In all parts of the life sciences the quantitative approach was gaining ground. With this trend were Pearson and Weldon who used mathematics to test the validity of Mendel’s own data and whose results appeared to be too good to be true: there was nearly 100% validity, an unheard-of result that made them suspect that someone had fiddled the calculation. But who would want to do such a thing, and with what motive?  Bateson did not accept the criticism and saw Weldon’s questioning of Mendel’s conclusions as an over-reaction. Ever more determined, Weldon went on looking for evidence of adaptation in his snails and crabs, measuring their death rates, looking for signs of extinction of old species and origin of new ones. But he didn’t find any new evidence and blamed that on the complexity of the way his organisms showed their adaptation and selection. This was no way of gaining support from an already disillusioned group of Darwin supporters.

Bateson took an even stronger line against the London statisticians in Pearson’s circle and the bitter dispute about the nature of evolution and the value of the statistical method continued to rage. The battle over Mendel’s data reached its climax at the 1904 British Association meeting that happened to be in Cambridge where the audience was hostile to the London side. In response, a complacent Bateson was the proud host and felt confident that his students would give some good talks. In the event there was a series of dull displays of statistical analysis from the Londoners and the presentations of breeding experiments from Bateson’s Cambridge group were not much better. At the end, Pearson offered to bring the two sides together: the chairman looked around at the blank faces of the Cambridge audience and saw little enthusiasm for this: “But what I say is: let them fight it out!” The audience broke up into small groups, each wondering which side another was on, and many thinking that strong leadership could have led the scientists out of this hole. Instead, most of the positive work was being done miles away in New York and the English contribution was about to turn into tragedy.

Weldon was eager to accept the challenge from that meeting and his first chance for reconciliation came later in the year when the Royal Society asked him to referee a manuscript from one of Bateson’s supporters. It took data from the pedigrees of race horses and found what the author argued to be Mendelian ratios in the coat colours: bay and brown being dominant to the chestnut recessive. Weldon was unhappy with the author’s colour assignments, fearing they had been altered to give good results, and asked the author to clarify the methodology and the definition of his characters. The great row that inevitably followed ended in the work eventually being published, but with a brief footnote. It highlighted some of the changes that Weldon had demanded, but the fact that the article was published at all gave victory to Bateson’s group.
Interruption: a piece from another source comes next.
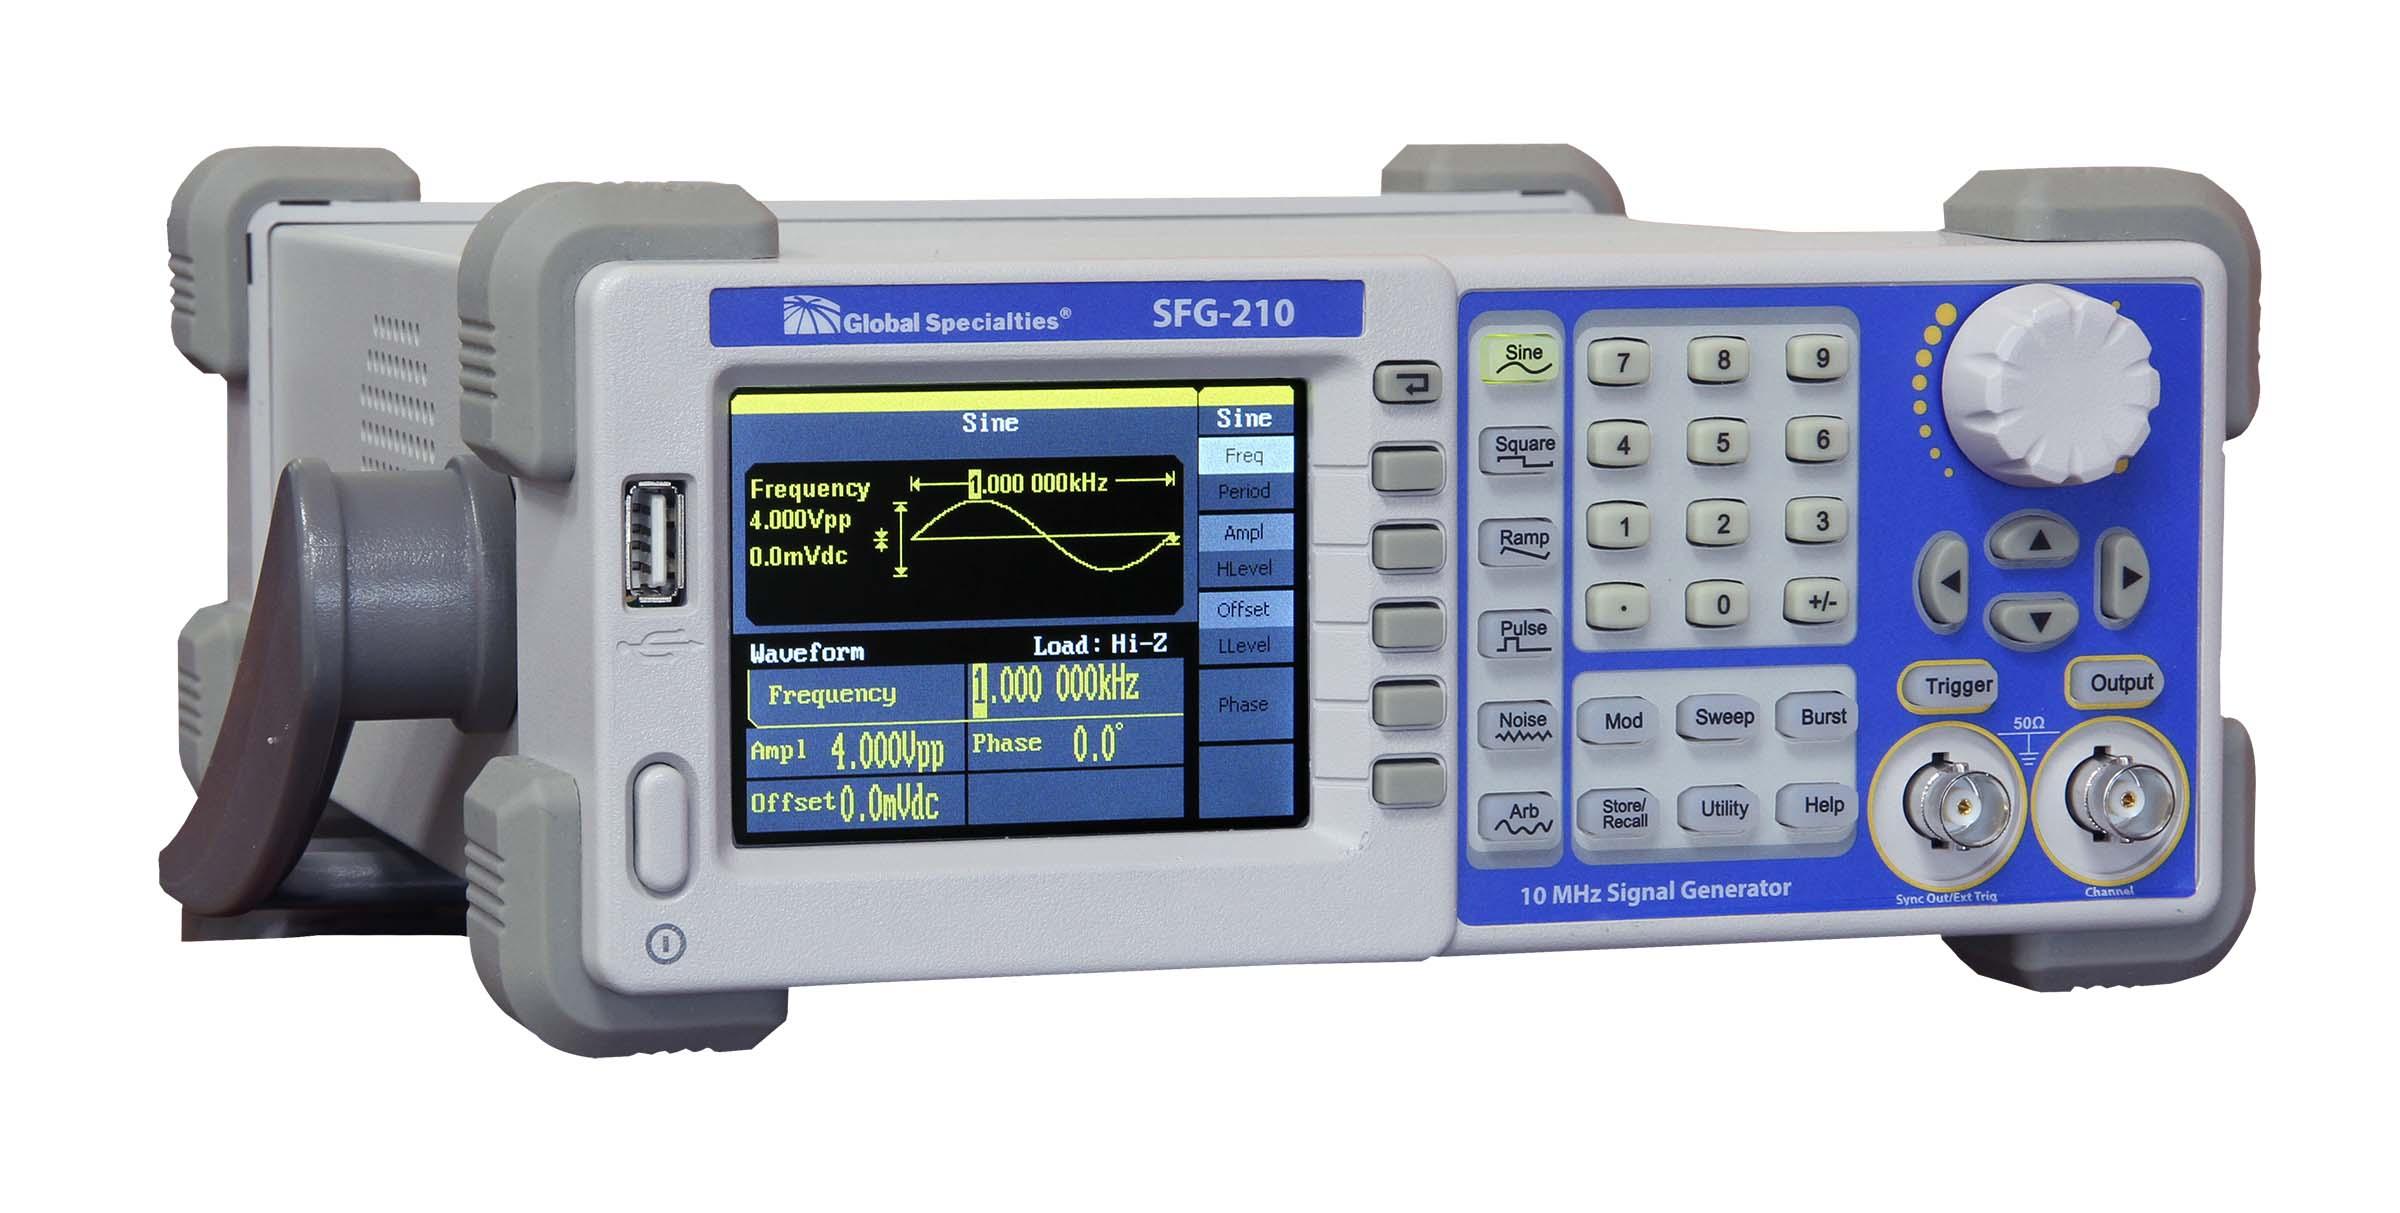 Global Specialties SFG-205 5 MHz Arbitrary/Function Signal Generator Photo

In despair at this outcome Weldon put all his energy into disproving the article’s results, and that meant him finding evidence of a chestnut mare, crossed with another chestnut, giving birth to a brown or a bay foal. He worked frantically, saying “I cannot leave this thing unsettled” and causing his good friend Pearson to measure the seriousness of the situation by observing that “he used stronger language than I have ever heard him use.” Eventually Weldon found the information he had hoped for and was persuaded to take a family holiday with the Pearsons. That was when the 45 year old Weldon caught a chest infection and he died a few weeks later. It was generally agreed this was from the exhaustion, worry and over-work.

All these incidents between London and Cambridge were based on uncertainty and the battles they created were really about their lack of belief in what Darwin or Mendel had been telling them. More particularly, Darwin’s theory was aggressively rejected by Bateson’s group and Mendel’s was not accepted by Weldon and his London friends. But neither group had anywhere else to turn, other than to the hope that somehow the numbers games would come up with something unexpected.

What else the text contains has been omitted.